** WHAT YOU NEED TO DO **
Wherever a picture appears in the listing, leave it out, and copy the rest exactly.

** SOURCE DATA **
※

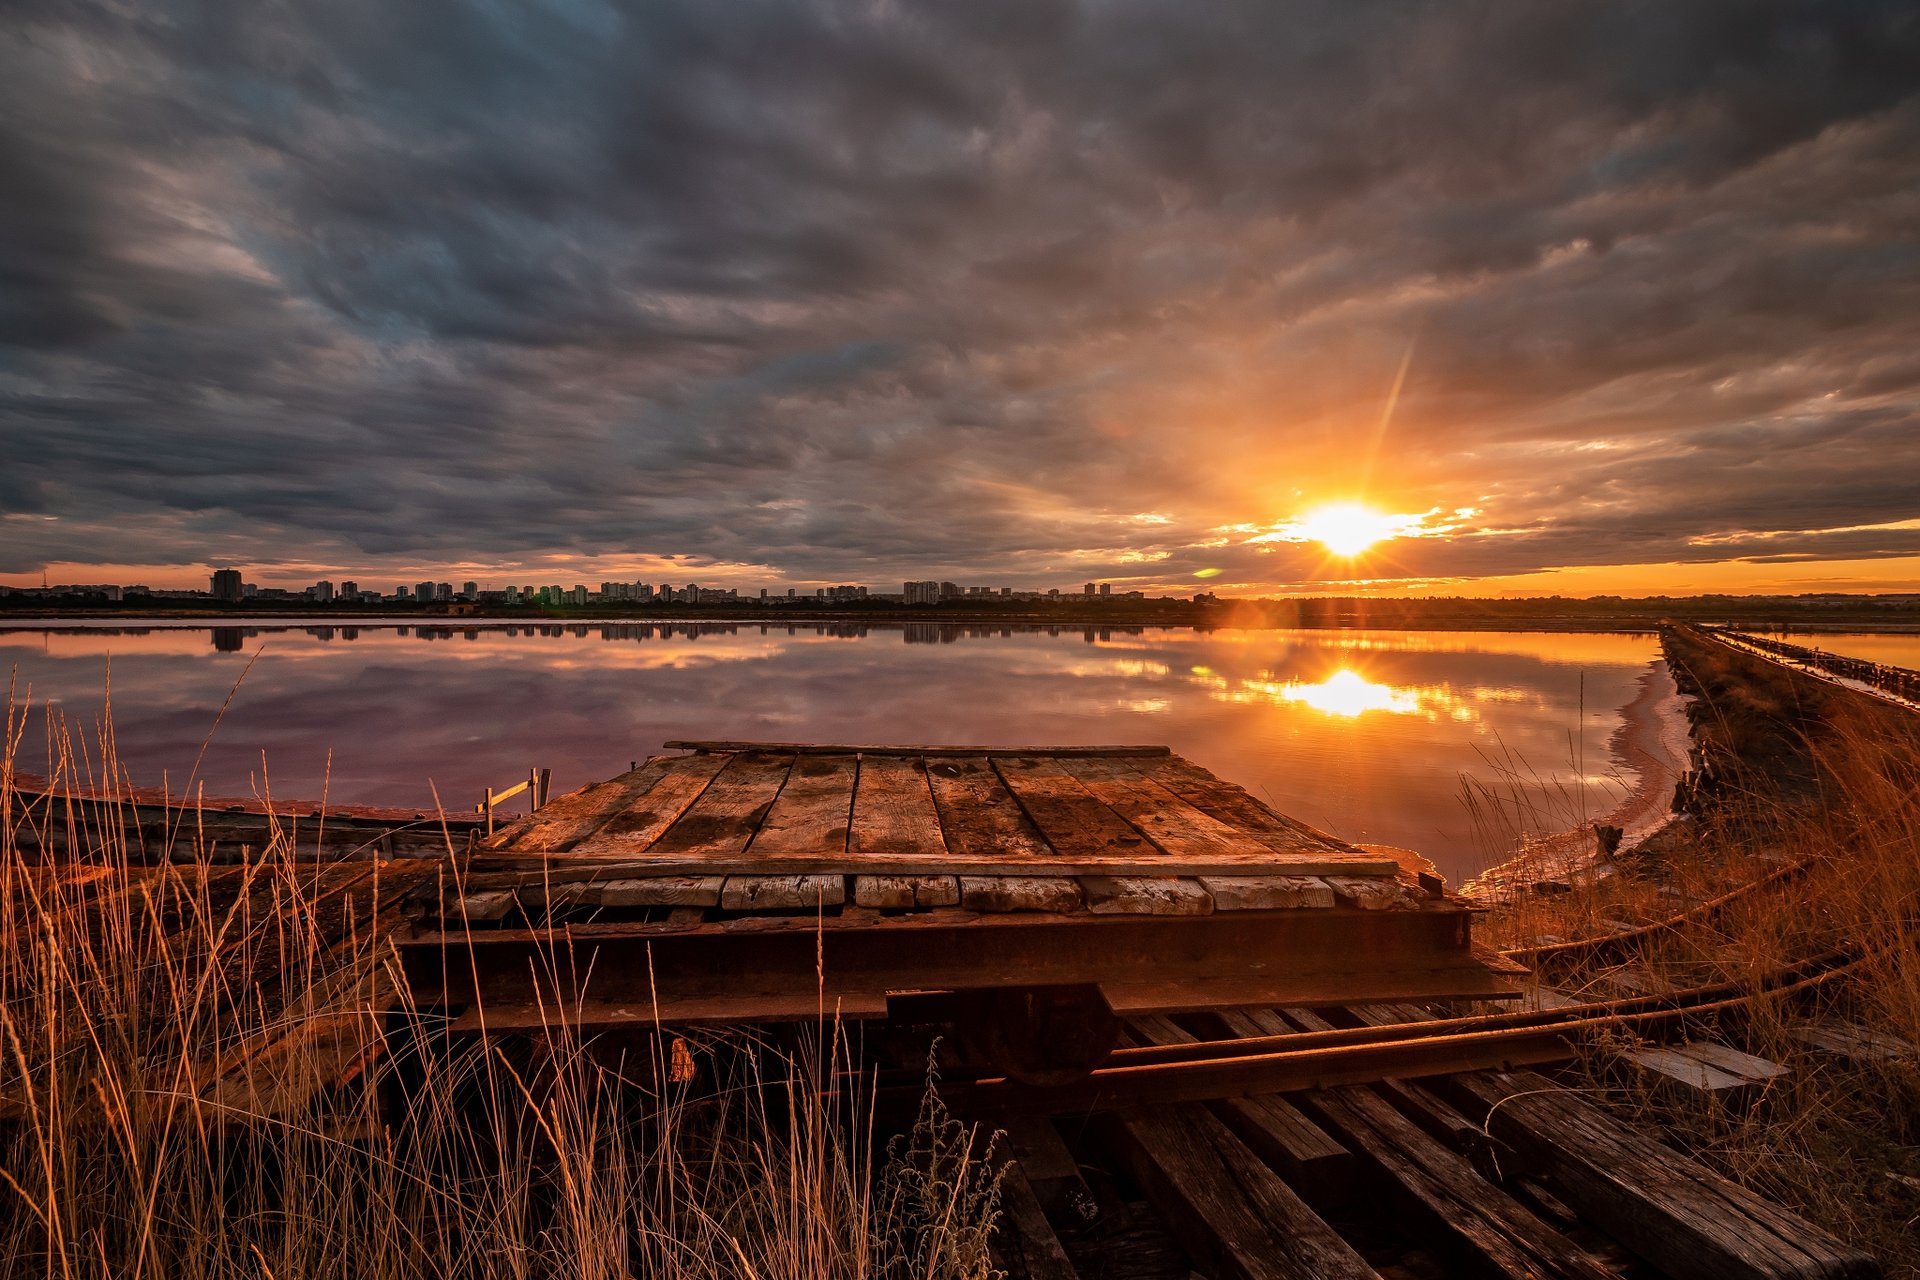 Photo in Landscape | Author Todor Todorov - skyblue | PHOTO FORUM
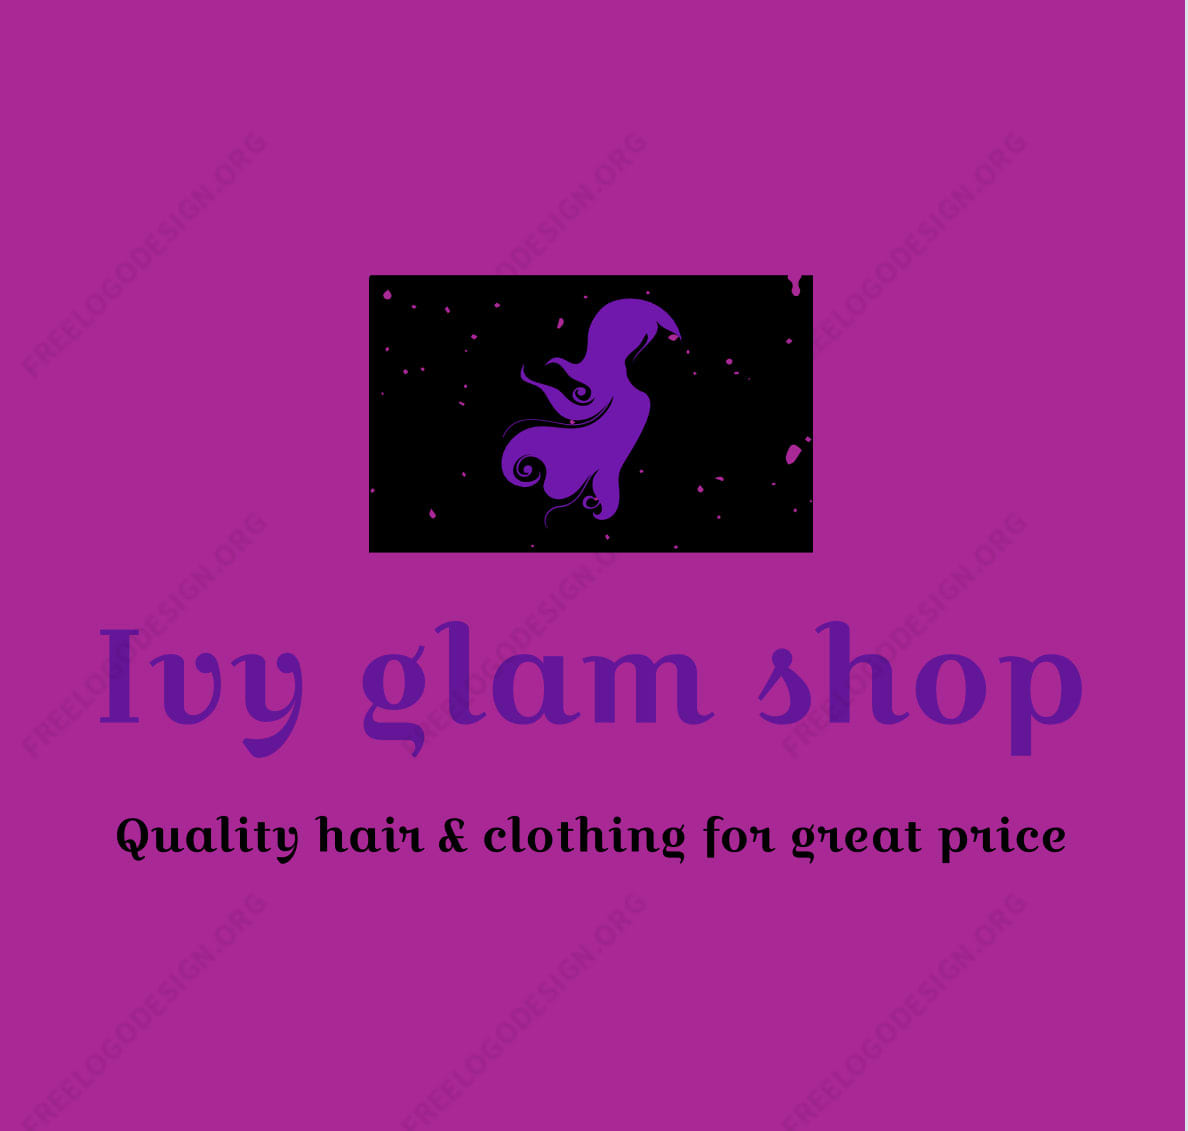 Ivy Glam Shop
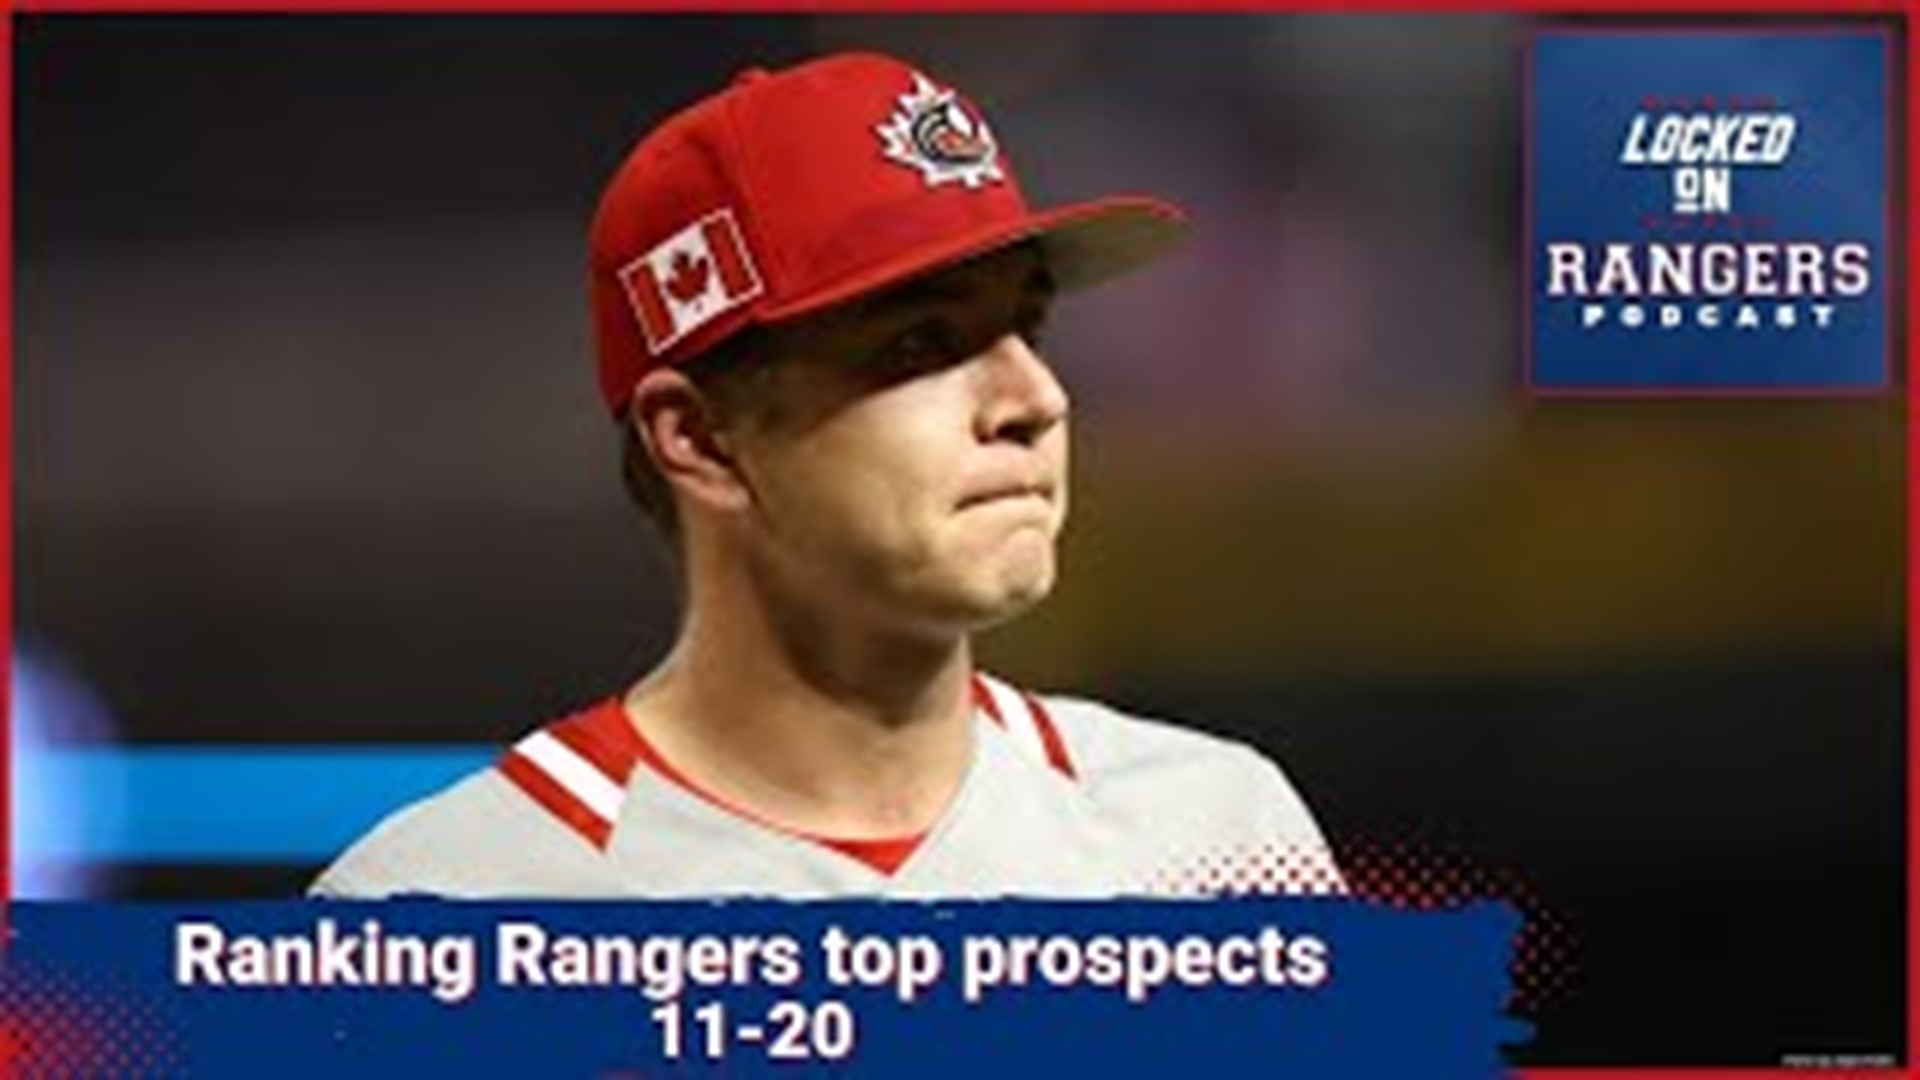 Ranking Texas Rangers' top 30 prospects Is Abimelec Ortiz's season

※

** RESULT OF THIS TASK **
 Photo in Landscape | Author Todor Todorov - skyblue | PHOTO FORUM
 Ivy Glam Shop
 Ranking Texas Rangers' top 30 prospects Is Abimelec Ortiz's season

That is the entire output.